Цена равновесия или рождение души

Полная версия

Цена равновесия или рождение души

Настройки чтения
Размер шрифта
Высота строк
Поля
На страницу:
4 из 6

– Он жив. Но он ушёл ещё дальше. Теперь он не просто отключен. Он… заблокирован.

В подвале, наполненном призраками открытия, повисло тяжёлое, горькое понимание. Они не вернули ему душу. Они лишь показали ему, насколько безвозвратно она потеряна. И этот урок стоил им последней надежды. Теперь они знали наверняка – они имеют дело не с поломкой, которую можно починить, а с катастрофой, последствия которой могут быть необратимы. И где-то в городе, в своих стерильных офисах, сотрудники «Ноотехники» ждали их ответа. Ответа, которого у них теперь не было.

Глава 12: Катастрофа

Тишина после вспышки была хуже любого грохота. Она висла в воздухе тяжёлым, звенящим полотном, пронизанным остаточными разрядами случившегося. Маргарита всё ещё чувствовала на языке привкус статики и чего-то горького, металлического – как будто она лизнула батарейку. Её руки, только что державшие Сергея Петровича, онемели и холодели, словно энергия ушла из них вместе с тем последним отчаянным импульсом.

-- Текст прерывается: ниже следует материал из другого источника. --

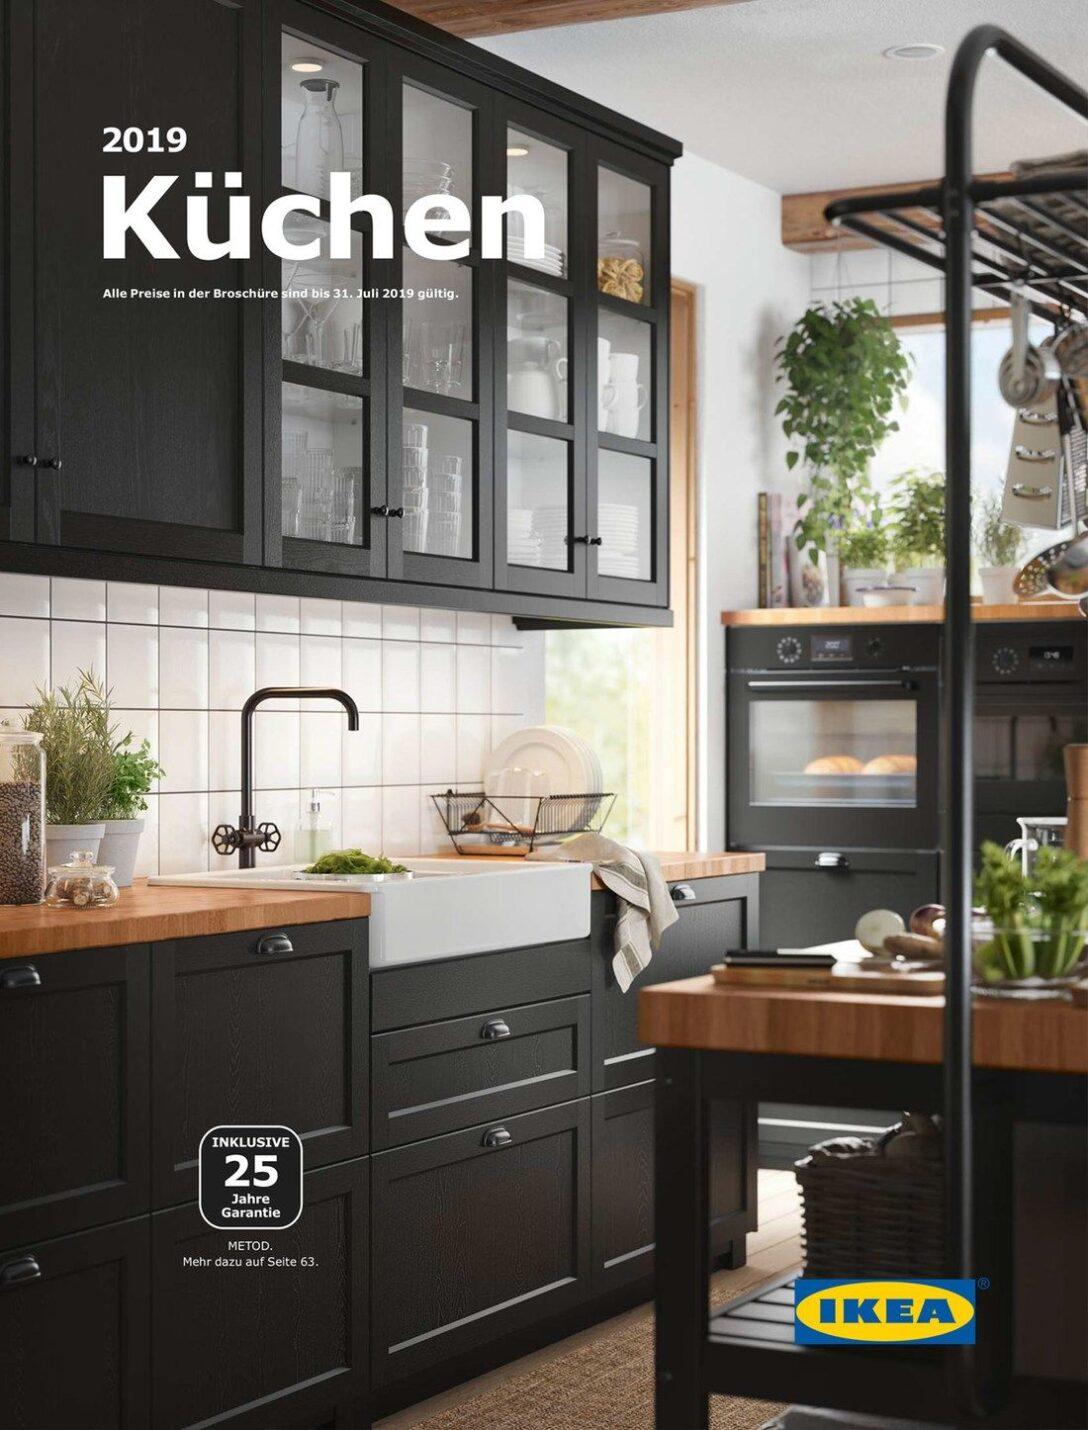 Large Size of Mülleimer Küche Ikea Kche Katalog Fr 2020 Kchen Design Bodenbelge Raffrollo Was Kostet Eine Neue Schnittschutzhandschuhe Klapptisch Laminat Für Sideboard Wohnzimmer Mülleimer Küche Ikea

Сергей Петрович лежал неподвижно. Слишком неподвижно. Его грудь равномерно поднималась и опускалась, сердце билось – датчики показывали стабильный, монотонный ритм. Но было ясно – это работа автомата, биологической машины, выполняющей свою программу.

– Сергей Петрович? – тихо позвала Маргарита, снова касаясь его руки.

Его веки медленно приподнялись.

И они увидели.

Это была не пустота. Пустота – это отсутствие чего-либо. То, что они увидели, было присутствием абсолютного Ничто. Глаза Сергея Петровича были открыты, зрачки реагировали на свет, но за ними не было ни мысли, ни чувства, ни воспоминания, ни самого факта существования «Я». Это были окна в дом, из которого не просто вынесли всю мебель, а стерли с лица земли сам фундамент. Взгляд был направлен в потолок, но казалось, что он пронзает его, уходя в бесконечную, лишённую координат пустоту.

– Вот и всё, – его губы шевельнулись, издав ровный, безжизненный звук. Голос был тем же, но в нем не осталось и намека на интонацию, на личность. Это был голос текстового синтезатора. – Контакта нет.

И в тот же миг экраны томографов и мониторов Виктора агонизировали.

Яркие, переплетающиеся паттерны, ещё секунду назад мерцавшие сложными узорами, не стали блекнуть или расползаться. Они схлопнулись. Мгновенно и безвозвратно. Словно невидимая рука сжала их в бесконечно малую точку и погасила. На экранах осталась лишь ровная, бездонная чернота. Не цвет отсутствия сигнала, а активная, поглощающая всё чернота. Одновременно все датчики, отслеживавшие тонкополевую активность, зашкалили на мгновение и затем опустились до нуля. Абсолютного нуля. Не шума, не помех – полного, безмолвного покоя.

Гул аппаратуры стих. Лампочки на приборах продолжали гореть, но казалось, что они освещают уже не лабораторию, а склеп.

Глеб отшатнулся от своего монитора, лицо его побелело. Он смотрел на неподвижную фигуру на кушетке, на эти глаза-пустыни, на ровную линию его губ. Он слышал тиканье часов на стене – навязчивое, громкое. Оно отсчитывало время для них, троих живых. Но для человека на кушетке…

– Время… – прошептал Глеб, и его голос был полон ужасного, леденящего душу прозрения. – Время для него остановилось.

Он медленно повернулся к Виктору и Маргарите, его взгляд был потерянным.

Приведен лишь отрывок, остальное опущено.